'''

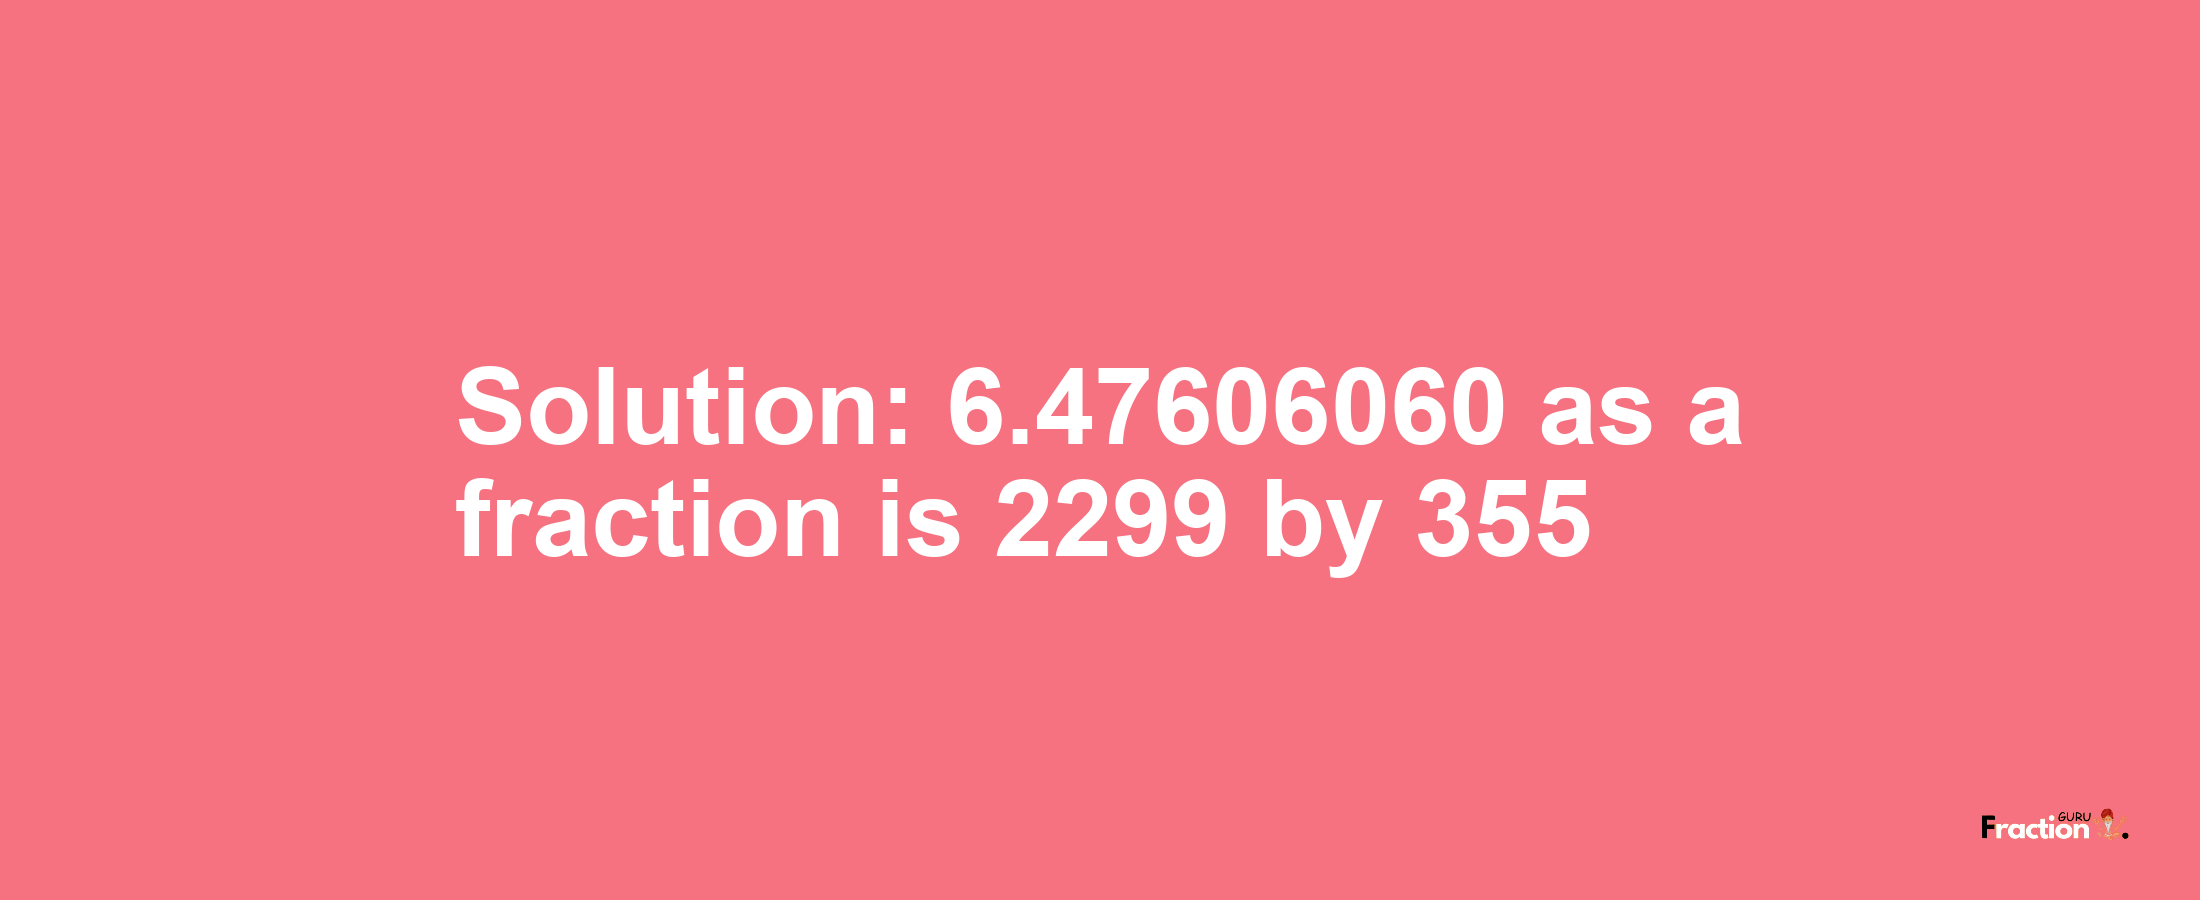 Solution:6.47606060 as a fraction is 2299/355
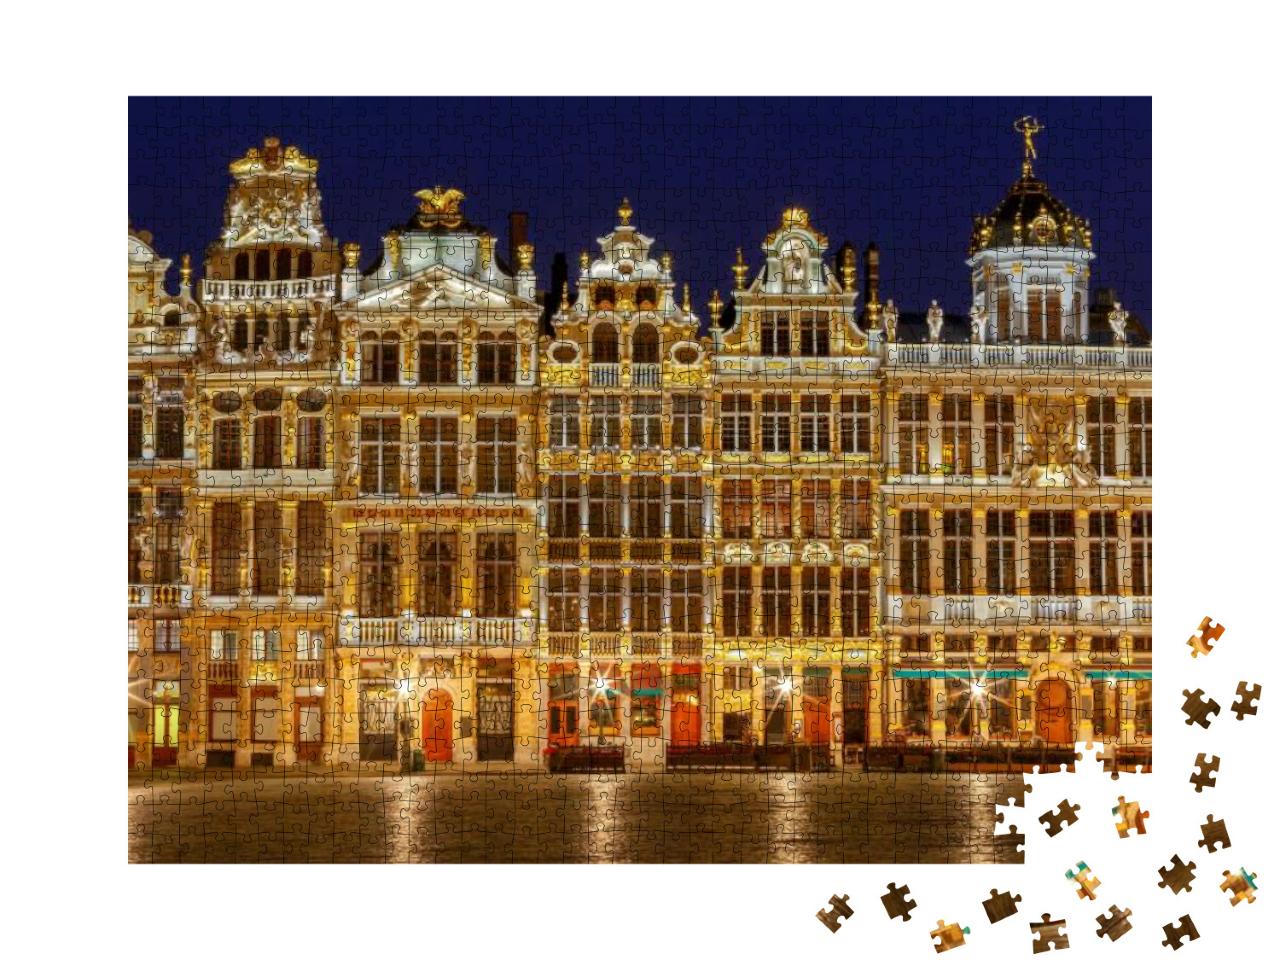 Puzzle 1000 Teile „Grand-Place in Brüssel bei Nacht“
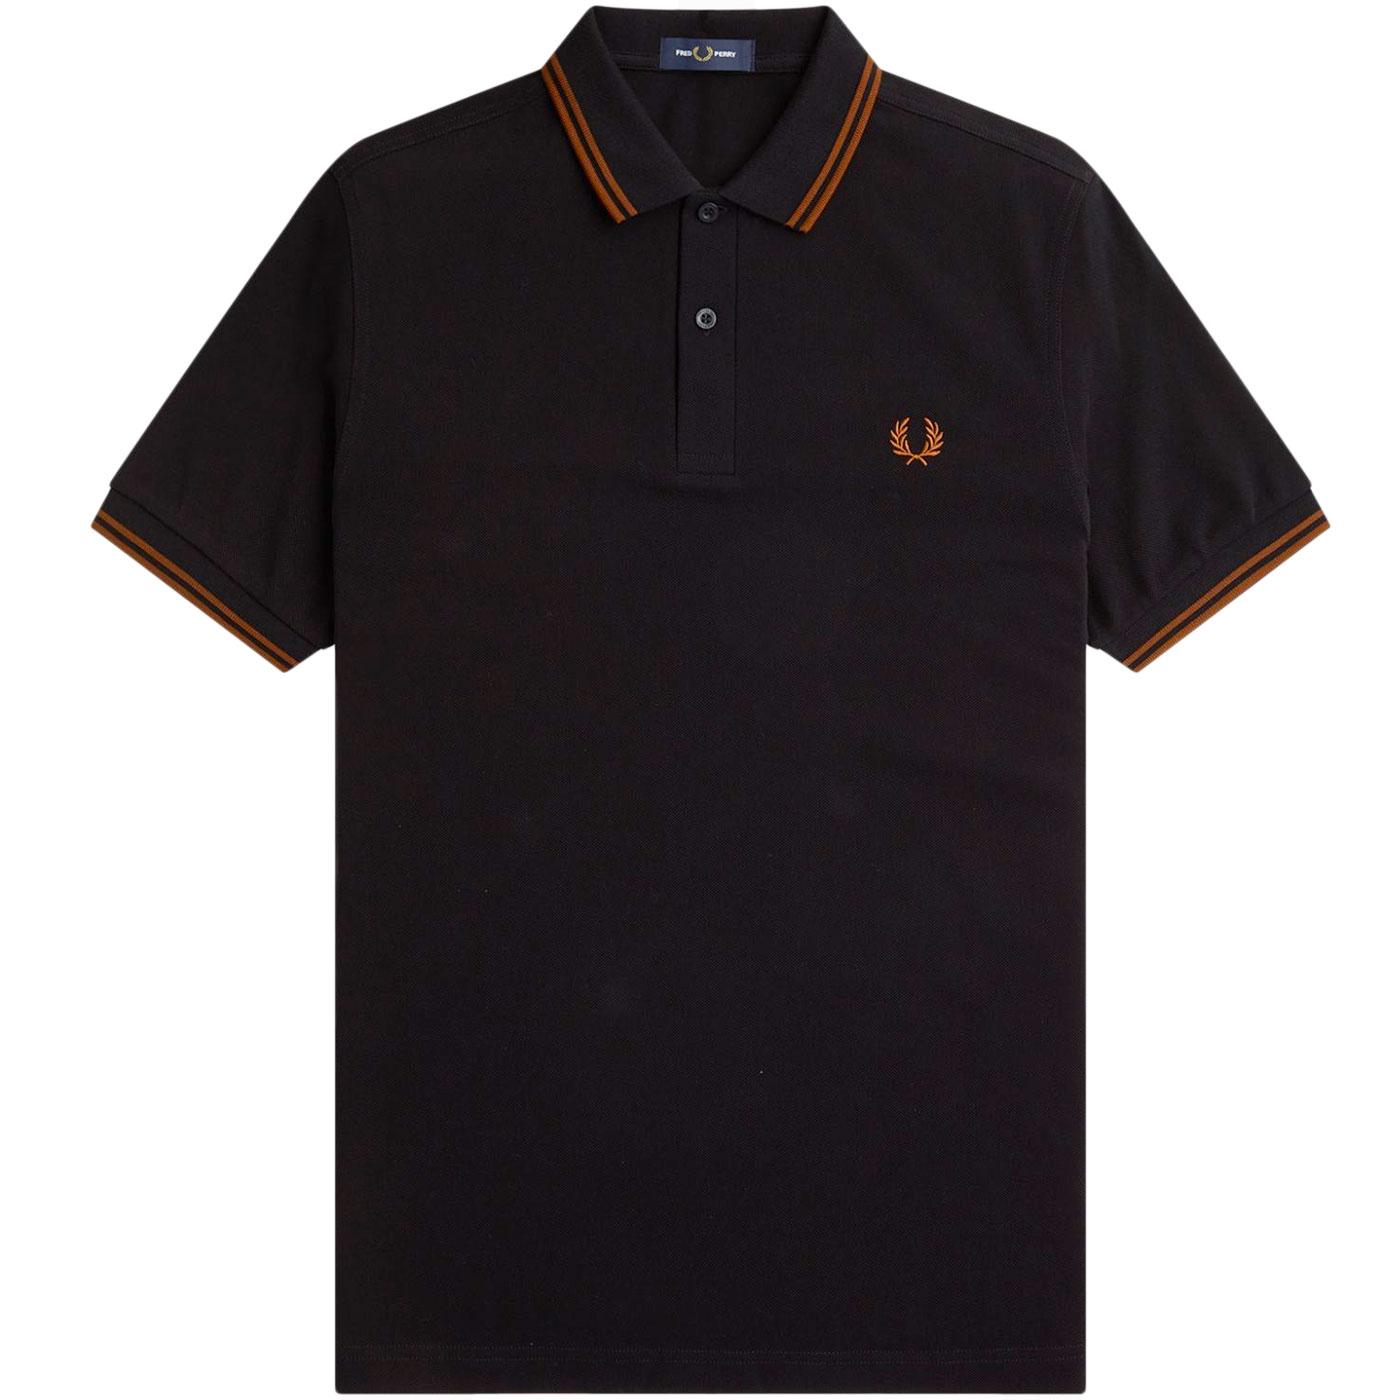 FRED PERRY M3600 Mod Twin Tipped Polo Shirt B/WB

'''

Exercise goal -> The data above should be repeated in full and exactly, with no pictures carried over.

Result ->
 Solution:6.47606060 as a fraction is 2299/355
 Puzzle 1000 Teile „Grand-Place in Brüssel bei Nacht“
 FRED PERRY M3600 Mod Twin Tipped Polo Shirt B/WB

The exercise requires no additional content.